Angiotensin-converting enzyme inhibition, but not AT(1) receptor blockade, in the solitary tract nucleus improves baroreflex sensitivity in anesthetized transgenic hypertensive (mRen2)27 rats.

机构信息

Hypertension and Vascular Research Center, Wake Forest University School of Medicine, Winston-Salem, NC 27157-1032, USA.

出版信息

Hypertens Res. 2011 Dec;34(12):1257-62. doi: 10.1038/hr.2011.110. Epub 2011 Sep 22.

Abstract

Transgenic hypertensive (mRen2)27 rats overexpress the murine Ren2 gene and have impaired baroreflex sensitivity (BRS) for control of the heart rate. Removal of endogenous angiotensin (Ang)-(1-7) tone using a receptor blocker does not further lower BRS. Therefore, we assessed whether blockade of Ang II with a receptor antagonist or combined reduction in Ang II and restoration of endogenous Ang-(1-7) levels with Ang-converting enzyme (ACE) inhibition will improve BRS in these animals. Bilateral solitary tract nucleus (nTS) microinjections of the AT(1) receptor blocker, candesartan (CAN, 24 pmol in 120 nl, n=9), or a peptidic ACE inhibitor, bradykinin (BK) potentiating nonapeptide (Pyr-Trp-Pro-Arg-Pro-Gln-Ile-Pro-Pro; BPP9α, 9 nmol in 60 nl, n=12), in anesthetized male (mRen2)27 rats (15-25 weeks of age) show that AT(1) receptor blockade had no significant effect on BRS, whereas microinjection of BPP9α improved BRS over 60-120 min.

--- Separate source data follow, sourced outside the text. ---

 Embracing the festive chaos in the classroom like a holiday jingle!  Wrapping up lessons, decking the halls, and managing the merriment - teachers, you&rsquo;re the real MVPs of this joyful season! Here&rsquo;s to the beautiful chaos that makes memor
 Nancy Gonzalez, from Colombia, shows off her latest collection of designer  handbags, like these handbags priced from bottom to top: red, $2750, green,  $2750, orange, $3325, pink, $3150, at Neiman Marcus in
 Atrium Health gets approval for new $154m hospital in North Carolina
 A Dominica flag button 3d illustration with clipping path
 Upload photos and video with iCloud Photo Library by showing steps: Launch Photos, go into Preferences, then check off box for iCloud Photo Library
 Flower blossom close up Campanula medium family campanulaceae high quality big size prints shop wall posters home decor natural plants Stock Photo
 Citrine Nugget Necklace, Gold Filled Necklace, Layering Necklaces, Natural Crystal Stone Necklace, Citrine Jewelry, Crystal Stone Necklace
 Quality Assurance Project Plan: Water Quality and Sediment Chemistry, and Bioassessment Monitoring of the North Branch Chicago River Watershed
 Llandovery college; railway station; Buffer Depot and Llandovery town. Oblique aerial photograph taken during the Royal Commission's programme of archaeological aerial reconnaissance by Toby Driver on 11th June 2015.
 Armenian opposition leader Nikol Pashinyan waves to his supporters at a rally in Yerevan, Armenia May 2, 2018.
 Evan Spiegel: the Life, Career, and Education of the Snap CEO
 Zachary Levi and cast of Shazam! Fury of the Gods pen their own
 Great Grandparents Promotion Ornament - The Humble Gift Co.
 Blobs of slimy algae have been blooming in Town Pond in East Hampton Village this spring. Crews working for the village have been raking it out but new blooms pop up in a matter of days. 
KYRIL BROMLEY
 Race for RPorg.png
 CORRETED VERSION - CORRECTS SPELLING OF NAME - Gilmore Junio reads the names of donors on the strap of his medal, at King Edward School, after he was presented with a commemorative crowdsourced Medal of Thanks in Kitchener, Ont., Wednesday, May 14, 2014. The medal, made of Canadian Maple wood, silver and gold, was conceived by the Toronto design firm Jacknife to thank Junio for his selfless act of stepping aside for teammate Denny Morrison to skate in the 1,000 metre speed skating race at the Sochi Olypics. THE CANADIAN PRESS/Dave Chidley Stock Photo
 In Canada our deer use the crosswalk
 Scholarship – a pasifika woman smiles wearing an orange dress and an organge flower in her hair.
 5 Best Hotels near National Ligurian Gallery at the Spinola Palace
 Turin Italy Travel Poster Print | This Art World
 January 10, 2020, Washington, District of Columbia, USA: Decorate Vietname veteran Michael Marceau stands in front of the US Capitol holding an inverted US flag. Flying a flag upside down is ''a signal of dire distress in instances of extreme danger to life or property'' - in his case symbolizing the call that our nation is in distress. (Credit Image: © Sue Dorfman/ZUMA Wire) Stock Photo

To determine whether Ang-(1-7) or BK contribute to the increase in BRS, separate experiments using the Ang-(1-7) receptor antagonist D-Ala(7)-Ang-(1-7) or the BK antagonist HOE-140 showed that only the Ang-(1-7) receptor blocker completely reversed the BRS improvement. Thus, acute AT(1) blockade is unable to reverse the effects of long-term Ang II overexpression on BRS, whereas ACE inhibition restores BRS over this same time frame. As the BPP9α potentiation of BK actions is a rapid phenomenon, the likely mechanism for the observed delayed increase in BRS is through ACE inhibition and elevation of endogenous Ang-(1-7).

摘要

转基因高血压(mRen2)27 大鼠过度表达鼠 Ren2 基因,且心率控制的压力感受反射敏感性(BRS)受损。使用受体阻滞剂去除内源性血管紧张素(Ang)-(1-7)张力不会进一步降低 BRS。因此,我们评估了用受体拮抗剂阻断 Ang II 或联合降低 Ang II 和用血管紧张素转换酶(ACE)抑制剂恢复内源性 Ang-(1-7)水平是否会改善这些动物的 BRS。双侧孤束核(nTS)微注射 AT1 受体阻滞剂坎地沙坦(CAN,24 pmol 在 120 nl 中,n=9)或血管紧张素转换酶(ACE)抑制剂增强缓激肽非肽(Pyr-Trp-Pro-Arg-Pro-Gln-Ile-Pro-Pro;BPP9α,9 nmol 在 60 nl 中,n=12),在麻醉雄性(mRen2)27 大鼠(15-25 周龄)中,AT1 受体阻断剂对 BRS 无显著影响,而 BPP9α 微注射可在 60-120 min 内改善 BRS。为了确定 Ang-(1-7)或 BK 是否有助于 BRS 增加,使用 Ang-(1-7)受体拮抗剂 D-Ala(7)-Ang-(1-7)或 BK 拮抗剂 HOE-140 的单独实验表明,只有 Ang-(1-7)受体阻滞剂完全逆转了 BRS 的改善。因此,急性 AT1 阻断不能逆转长期 Ang II 过表达对 BRS 的影响,而 ACE 抑制在此相同时间内恢复 BRS。由于 BPP9α 增强 BK 作用是一个快速现象,观察到的 BRS 延迟增加的可能机制是通过 ACE 抑制和内源性 Ang-(1-7)的升高。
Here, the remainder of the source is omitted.